Amending the TAUP constitution

The union has to amend its constitution before developing a collective bargaining agreement with administration.

About a year ago, adjuncts protested on Liacouras Walk to join TAUP, the university’s full-time faculty union. | KARA MILSTEIN TTN FILE PHOTO

The university’s full-time faculty union is continuing plans to amend its constitution and negotiate a contract with administration to include more than 1,400 adjunct professors.

Adjunct faculty members voted to join the Temple Association of University Professionals in November 2015.

“[TAUP] is putting together ideas for proposals to bring to the bargaining table,” said TAUP President Art Hochner. He added the union was speaking with each member.

Jennie Shanker, adjunct professor in the Tyler School of Art, said bargaining priority surveys were sent to adjunct faculty members to gauge the most important concerns.

Adjunct faculty have expressed the “usual sort of concerns” like job stability and compensation, Hochner said.

Shanker added the surveys returned so far indicate adjuncts also prioritize issues like benefits and salary. TAUP hopes to have most of the surveys returned to hear as many voices as possible.

The survey results will lead to negotiations. TAUP is currently in the process of working to draft a new constitution that dues-paying members will need to ratify.

“At this point in time we’re in an in-between place where we’re moving forward,” Shanker said. “We’re part of the union, but we don’t have a contract.”

The goals of the amendments are mainly to change the union’s governance structure to include adjuncts and be more representational.

“[The proposals are] very inclusive and make it clear to everyone that every part of the faculty will have a voice,” Hochner said.

Hochner added TAUP also needs to negotiate a new contract with university management.

“The university has had some concerns of how [adjuncts joining] will change the face of the union,” said Sharon Boyle, associate vice president of human resources operations. The addition of adjuncts in TAUP could have a “significant impact on the way the union operates going forward,” she added.

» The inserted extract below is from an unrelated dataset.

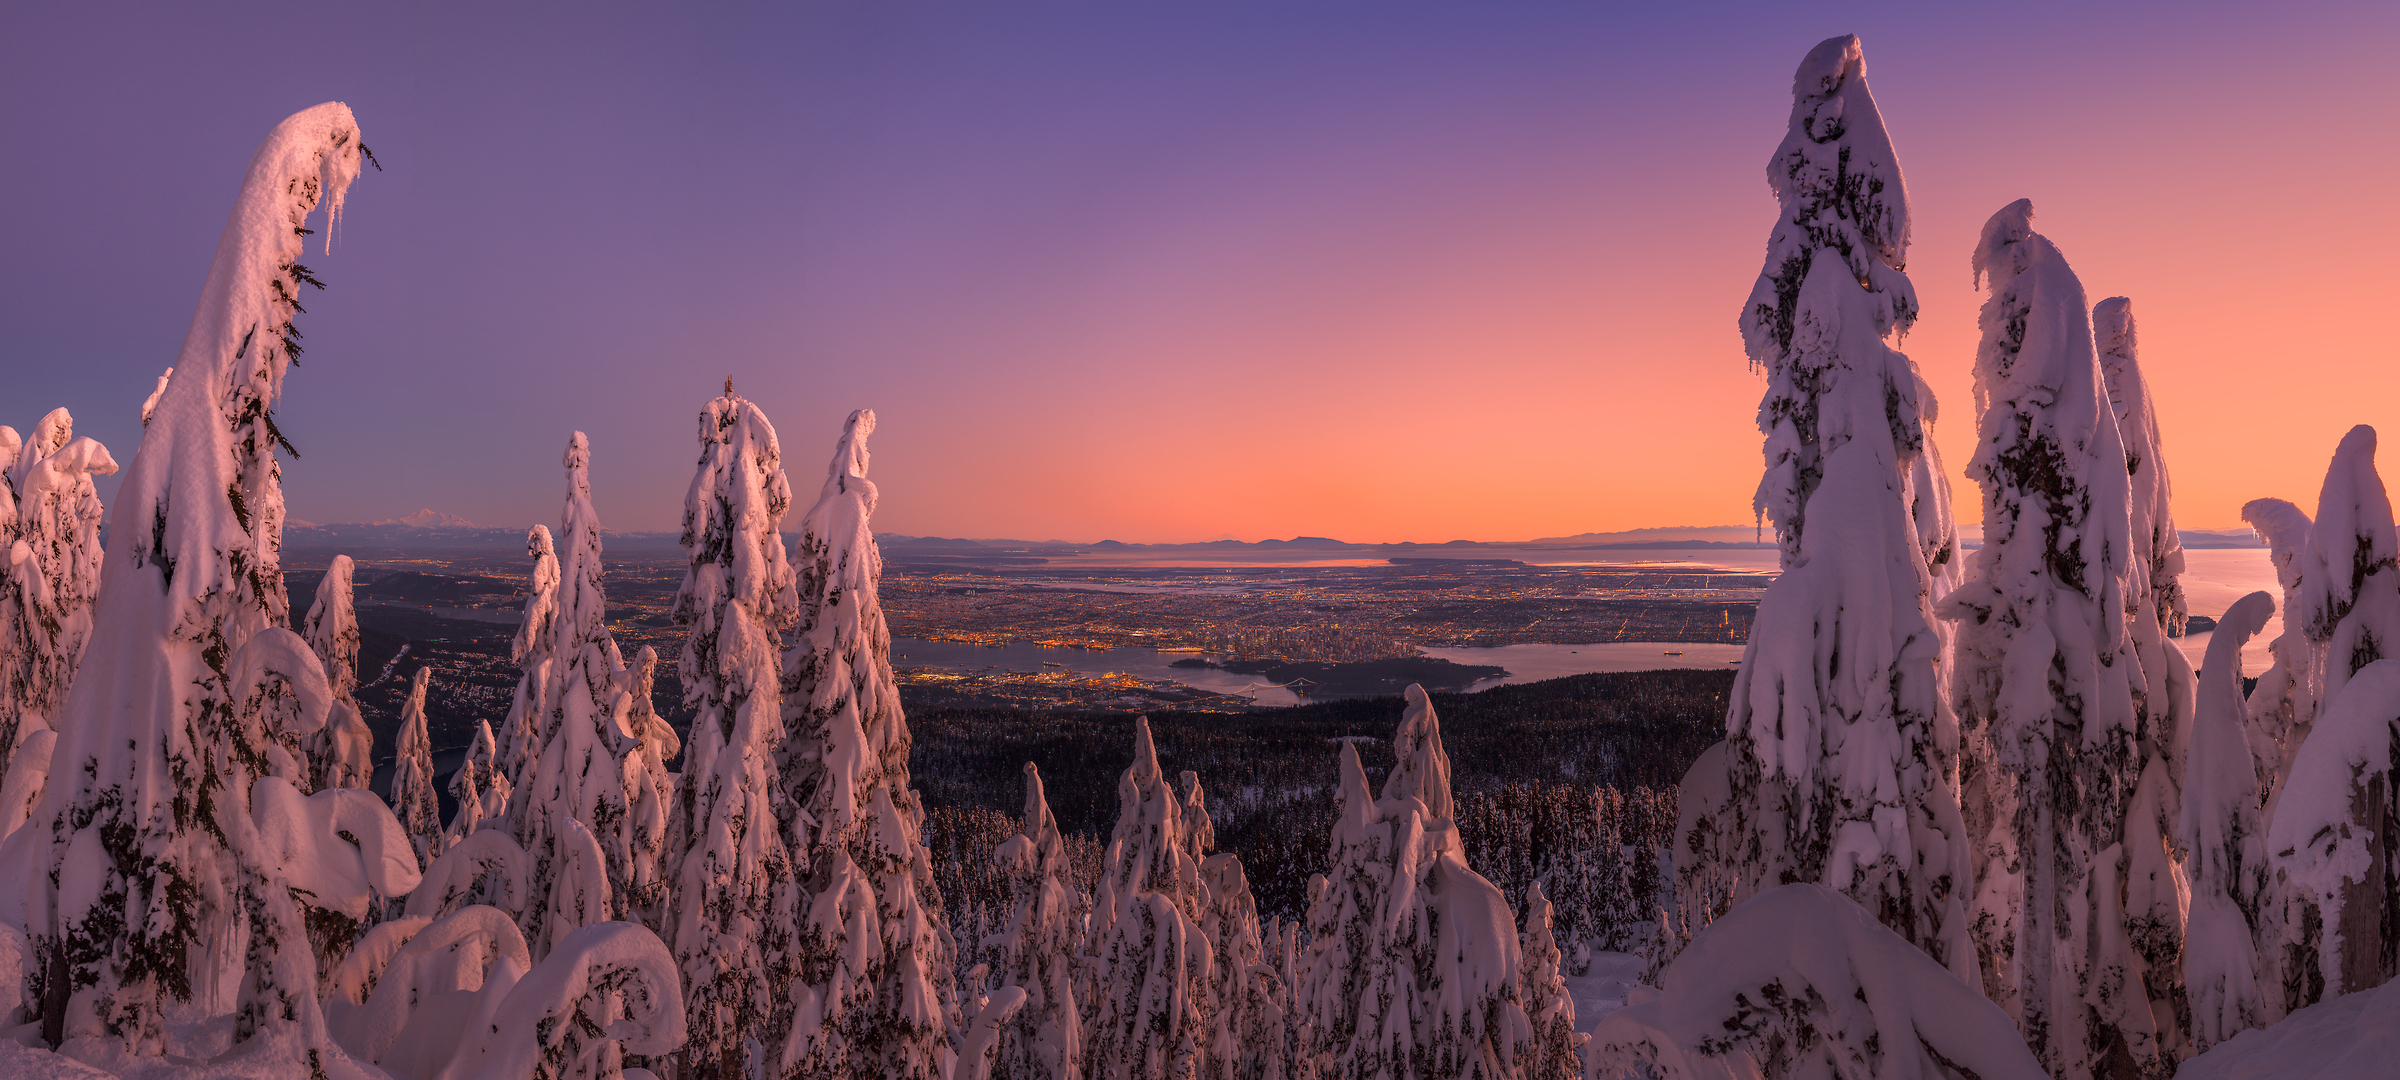 443 megapixels! A very high resolution, large-format VAST photo print of snow-covered trees overlooking a city at sunset from Hollyburn Peak; fine art landscape photo created by Chris Collacott in West Vancouver, British Columbia, Canada.

A new contract is unique; the other 11 unions within the university are all operating on existing contracts, Boyle said.

Boyle added negotiations about full-time faculty between TAUP and administration last took place a little more than a year ago.

Since then, “TAUP had put forth a bit more of a confrontational stance on adjuncts,” she said.

She added administration has been “kind of stuck” since the union filed for adjunct accretion.

“We’re in a little bit of a limbo,” she said. “We thought we would be talking to them by now, but we understand they have a process.”

Following the amendments, there will likely be nominations and elections for additional representatives, Shanker said.

“Each of these constituencies will be guaranteed a place at the table,” she added. “[There will be a] wider range of people involved, from the executive committee level and down the line.”

Shanker said in comparison to last year, there is now a greater sense of optimism for the future.

“Just winning the election [to join TAUP] was huge,” she said. “Everyone feels more connected to other faculty. … Our future is that we’ll be working together.”

TAUP will vote on the amendments by the end of the semester, Shanker said.

Boyle, however, said it would be “optimistic” to vote so soon. A contract negotiation will likely take several months—the existing contract took five or six months to negotiate—because of the sheer volume of members included in the union and the need to accommodate both full-time and adjunct faculty, Boyle said.